The article blames the propagation of the golden rectangle idea on an alleged 18th-century misreading of a 16th-century text. It claims that when Franciscan friar Luca Pacioil published his book De Divina Proportione (1509), he misleadingly named it after the Greek mathematician Euclid’s golden ratio even though the text instead embraced the Roman architect Vitruvius’s system of rational proportions. In 1799, mathematicians falsely associated Pacioli with the golden ratio, which helped propagate the rumor that Leonardo da Vinci — who illustrated the book — used the golden ratio to create his masterpieces.
Then came the German mathematician and psychologist Adolf Zeisig, who took things to a whole new level. He claimed to find evidence of the golden ratio everywhere from plant leaves to animal skeletons to the human body. He believed the ratio represented “beauty and completeness in the realms of both nature and art … which permeates, as a paramount spiritual ideal, all structures, forms and proportions, whether cosmic or individual, organic or inorganic, acoustic or optical.” Ever since then, the golden ratio as a principle of design has been cited everywhere from art history textbooks to advertisements for beauty masks.

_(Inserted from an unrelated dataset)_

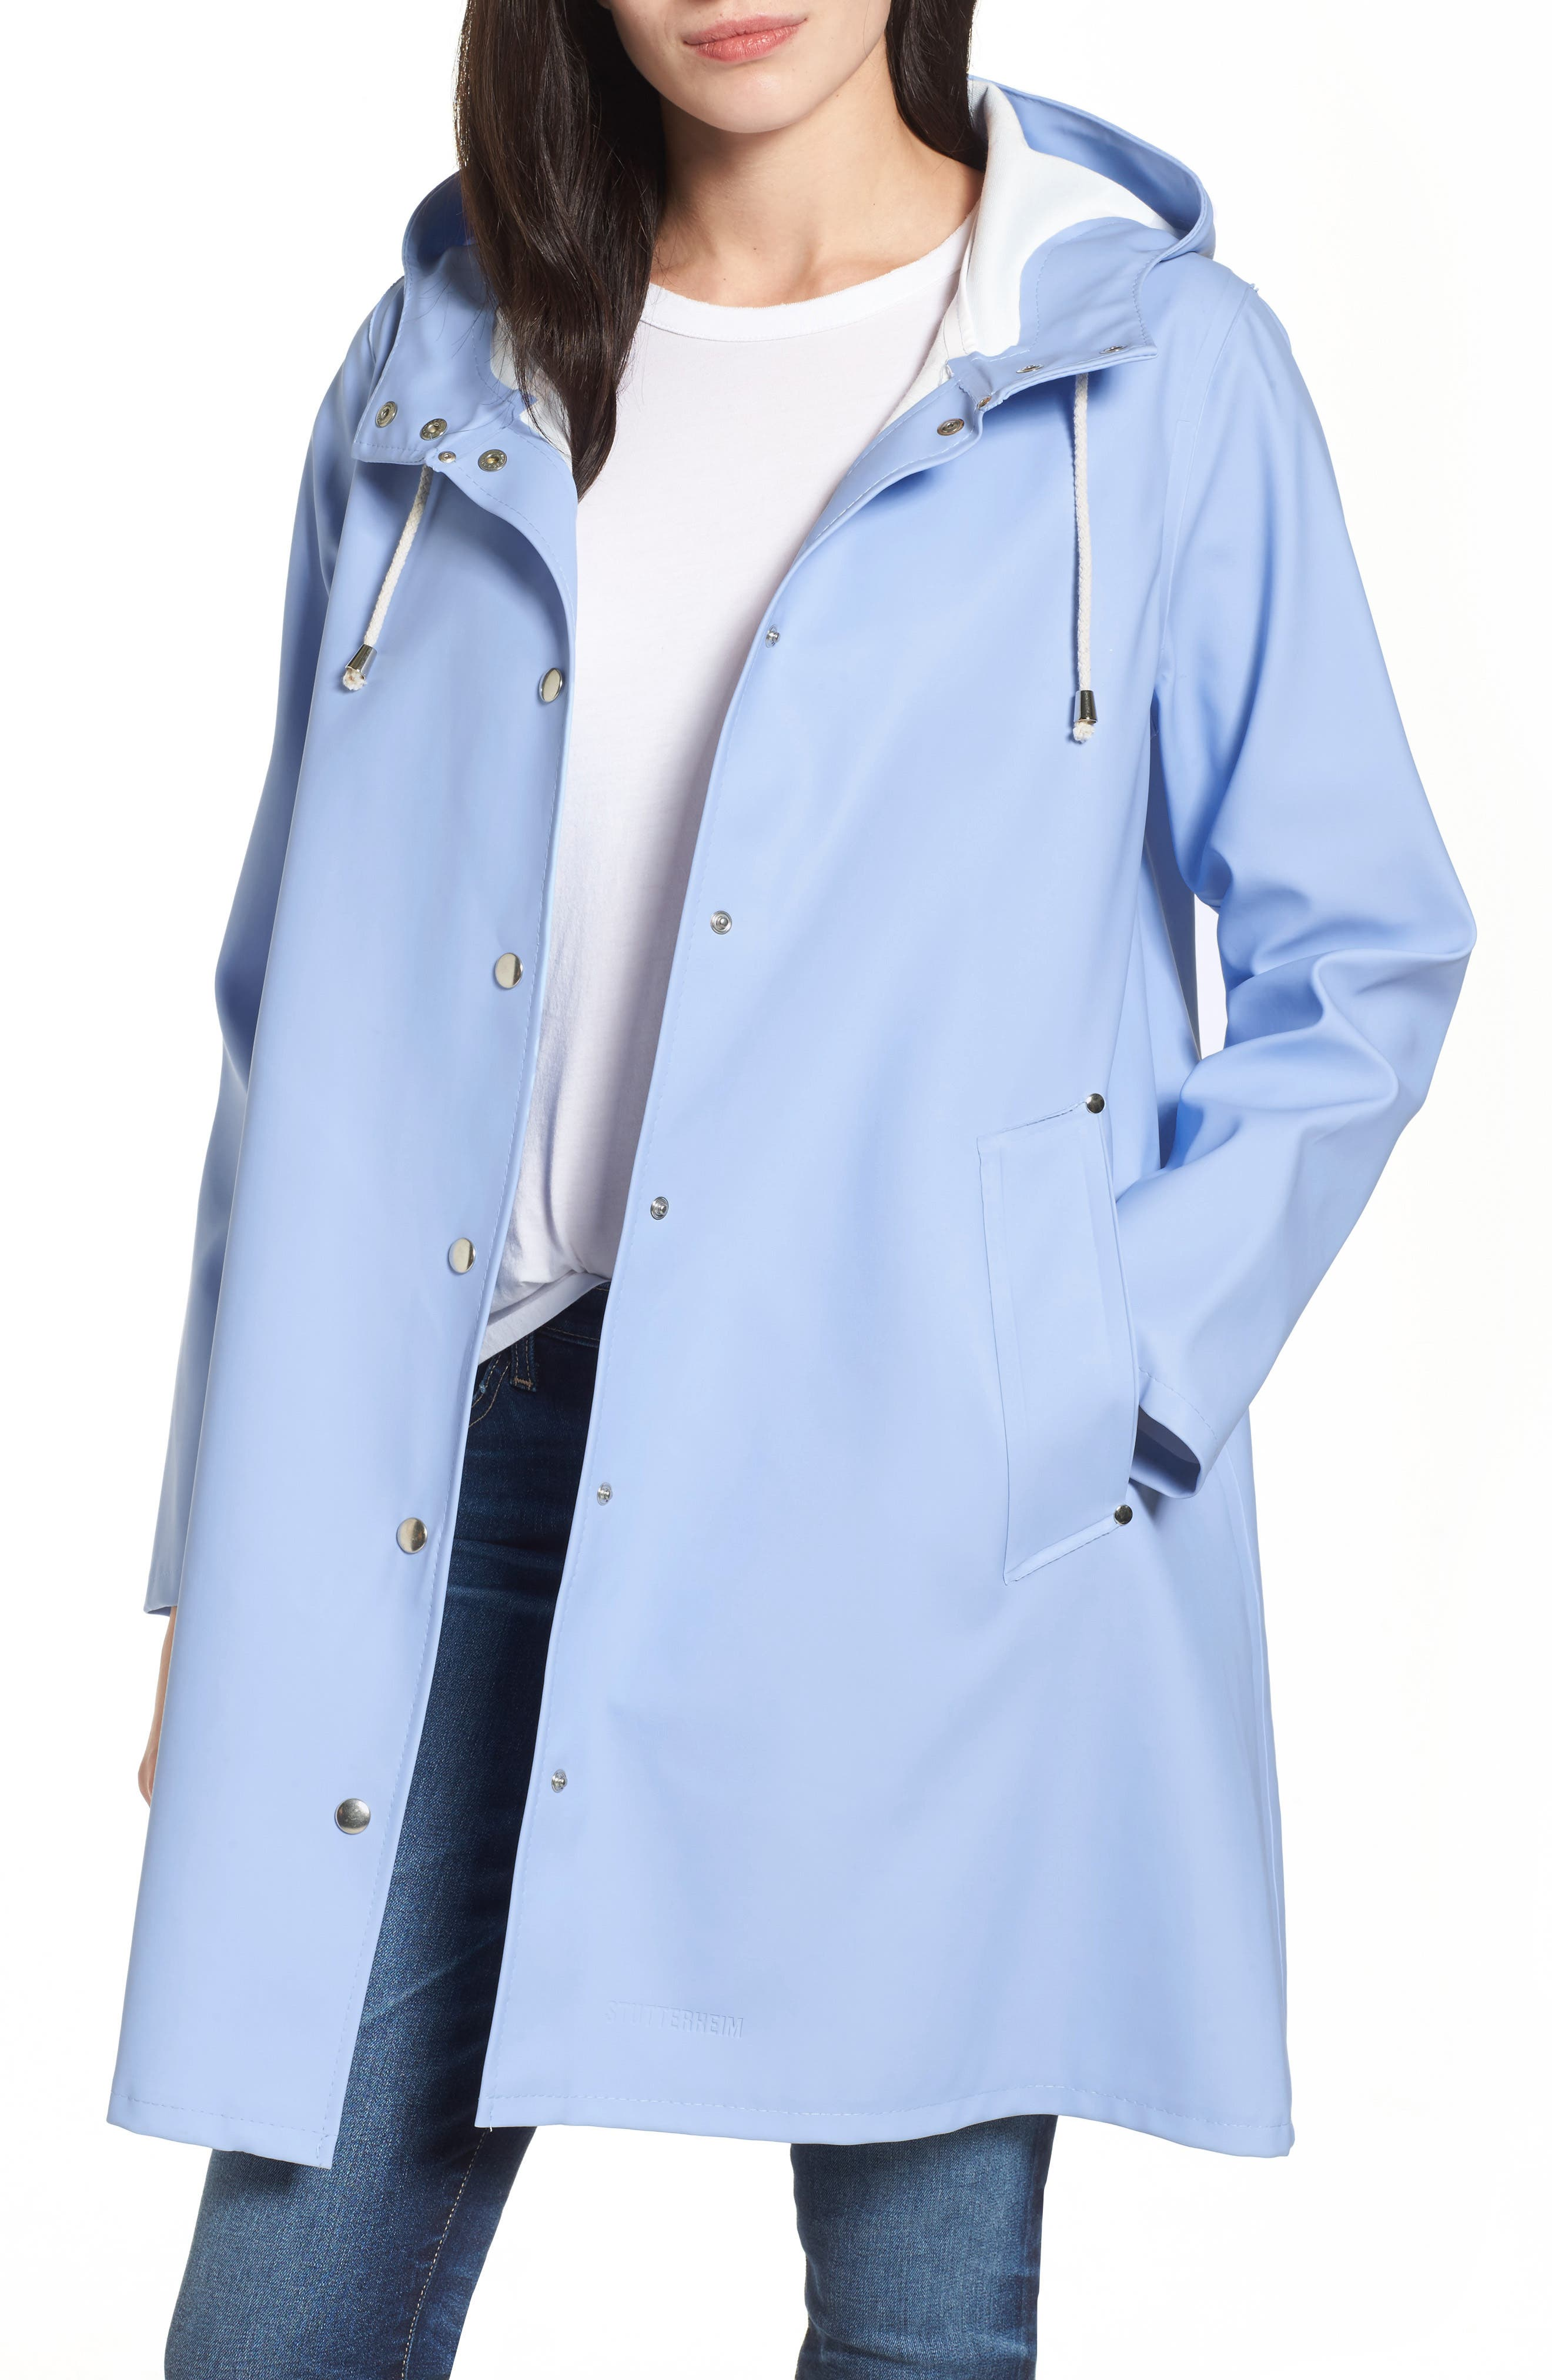 Main Image - Stutterheim Mosebacke Waterproof A-Line Hooded Raincoat

Obviously, you can’t question such accepted wisdom without pushback. Angry Fast Company commenters have dubbed the article “silly” and “snarky,” and the website Golden Number — which claims its purpose is to “help you appreciate the incredible beauty and design in the world around you” — has even published a full rebuttal. It points to how the Parthenon demonstrates the golden rectangle at work and cites other scientific studies that support the concept, including one published in 2009 that shows its usefulness in understanding facial attractiveness.
While the Fast Company piece might not be enough on its own to completely refute the time-honored design principle, it does poke some worrisome holes through it — not to mention expose its status as unquestionable dogma.